3 Methodology
The method we adopted consists of two parts and is detailed below. First, we mapped active rock glaciers manually from interferograms and Google Earth images. Second, we used the manually labelled images to train a deep learning network, i.e., DeepLabv3+, for mapping rock glaciers automatically from Sentinel-2 optical images.
3.1 Mapping active rock glaciers from interferograms and Google Earth images
In this subsection, we first describe the strategy of delineating rock glaciers. Then we present the method for quantifying rock glacier kinematics by InSAR. Finally, we introduce how to determine the geomorphic attributes of the mapped landforms.
3.1.1 Manual identification and delineation of rock glaciers
We mapped active rock glaciers by combining two imagery sources: interferograms and Google Earth images. The displacement maps generated by InSAR allow us to easily recognize moving parts of the ground surface, meanwhile the high-resolution and multi-temporal Google Earth images provide geomorphic information to distinguish rock glaciers from the other active surface units, such as debris-covered glaciers, solifluction lobes, and slow-moving landslides. Visual identification was conducted based on the geomorphological criteria proposed by RGIK (2021) including the frontal and lateral margin morphology, and the surface ridge-and-furrow topography as an optional indicator. We then outlined the recognized landforms along their extended geomorphological footprints, i.e., the frontal and lateral margins are included within the boundaries. We followed the IPA guidelines because it provides practical and standardized baseline concepts for identifying and outlining rock glaciers from remote sensing images and readily applicable to producing consistent inventories over wide-extent regions.
3.1.2 Kinematic quantification by InSAR
In total, twenty-two interferograms generated from ALOS-1 PALSAR images covering the West Kunlun Mountains were used for ground movement detection between 2007–2008 (Table 1). To maintain high interferometric coherence and reduce topographic error, we selected image pairs with temporal spans of 46 days and perpendicular baselines smaller than 1,000 m. The topographic phase were estimated and removed by using a digital elevation model (DEM) produced by the Shuttle Radar Topography Mission (SRTM) with a spatial resolution of ~30 m over most of the study region. A tile of TanDEM-X DEM (spatial resolution ~12 m) was adopted for correcting topographic phases for one interferogram overlapping with the permafrost survey region. Multi-looking operation and adaptive Goldstein filter (8\(\times\)8 pixels) were applied in the interferometric processing, which was implemented by the open-source software InSAR Scientific Computing Environment (ISCE) version 2.2.0 (available athttps://github.com/isce-framework/isce2 ). We then unwrapped the interferograms with the SNAPHU (Chen and Zebker 2002) and selected one point located at the flat and stable ground close to each rock glacier to re-reference the unwrapped phases measured within the boundary of each landform. By doing so, we managed to remove the long-wavelength orbital errors and the atmospheric artefacts including the water vapor delay and ionospheric effects, all of which can be assumed identical within the extent of a rock glacier (Hanssen 2001).

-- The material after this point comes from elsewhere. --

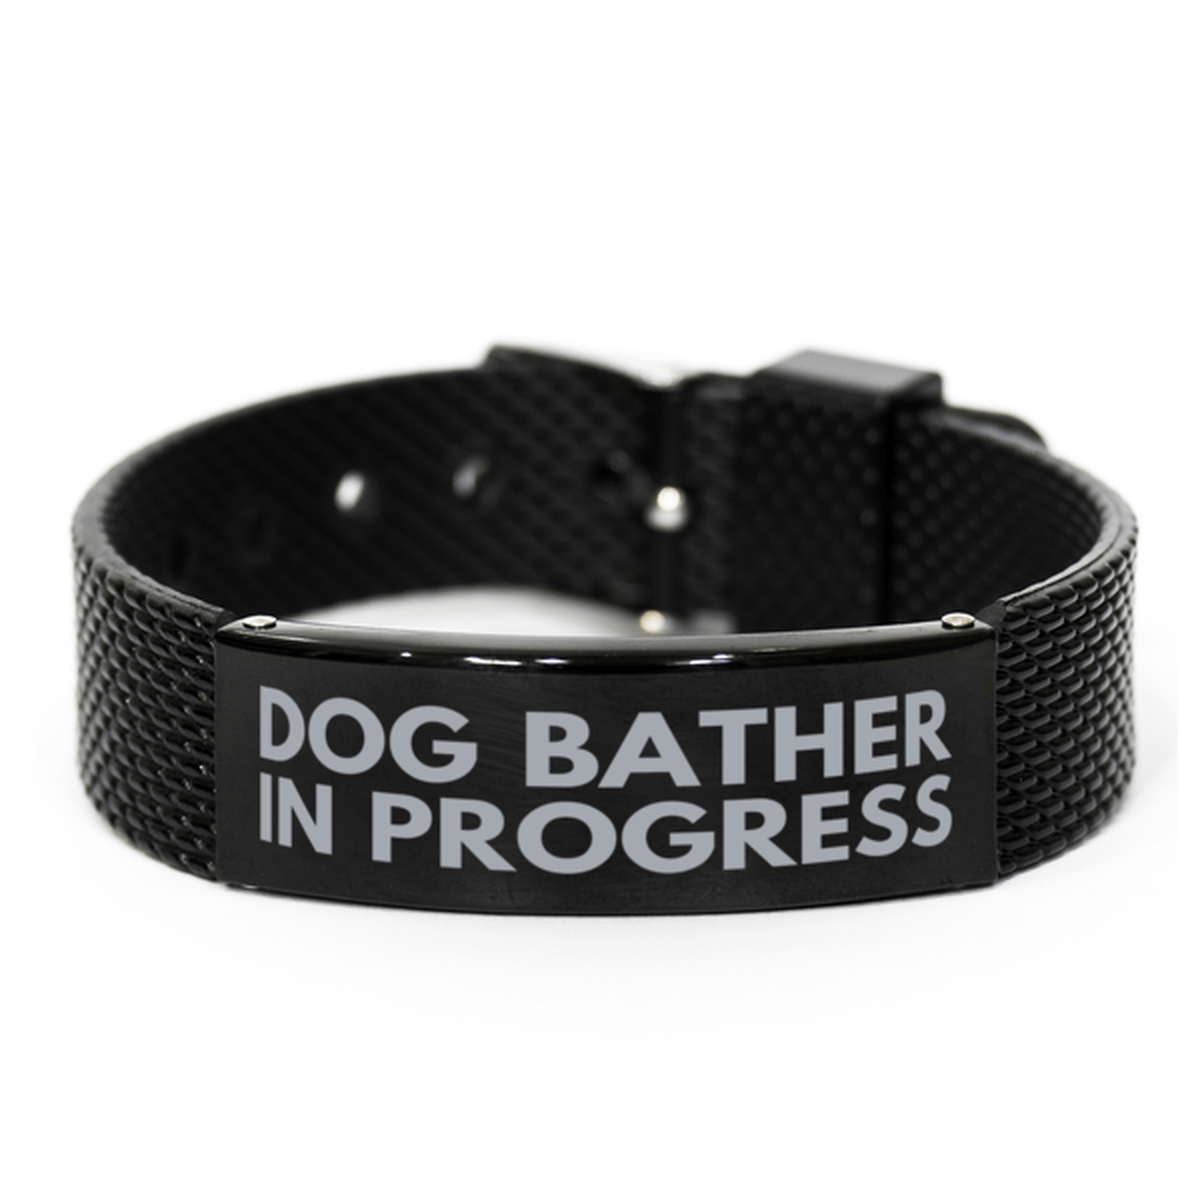 Inspirational Dog Bather Black Shark Mesh Bracelet, Dog Bather In Progress, Best Graduation Gifts for Students

We determined the surface downslope velocities of rock glaciers as their kinematic attributes. The surface velocities along the SAR satellite line-of-sight (LOS) direction were derived from the unwrapped interferograms and then projected to the downslope direction of each landform (Hu et al. 2021). Associated uncertainties including the InSAR measurements and geometric parameters were quantified through error propagation (Hu et al. 2021). We used the spatial mean velocity within a rock glacier to represent its overall kinematic status. Then we refined the results by selecting data that fulfilled the following criteria: (1) after masking out the pixels with low coherence (< 0.3) (Wang et al. 2017), the remaining pixels account for more than 40% of the entire landform extent; (2) the relative errors of the spatial mean velocities are lower than 20%.

3.1.3 Determination of geomorphic attributes

Essential geomorphic attributes such as the elevation range, mean slope angle, and landform aspect were quantified using the SRTM DEM. Qualitative attributes including the spatial connection of the rock glacier to the upslope unit and the activity category were described and assigned to the dataset following the IPA guideline (RGIK, 2021). We primarily classified the mapped rock glaciers according to their spatial connection to the upslope unit because it could provide implications regarding the landform genesis (Sect. 5.2). We used the Global Land Ice Measurements from Space (GLIMS) dataset to help recognize the surrounding glacier units (GLIMS and NSIDC, 2005). Figure 2 presents examples of rock glaciers that were classified by their upslope units into four categories. For instance, Figure 2b shows a glacier-connected rock glacier, the frontal and lateral margins of which are discernible from the Google Earth image, though the rooting zone is ambiguous. We separated the rock glacier from the upslope unit from surface structure in this case. Finally, we created the InSAR-based sub-dataset. The entire workflow is illustrated in Figure 3 with one example shown in Figure 4.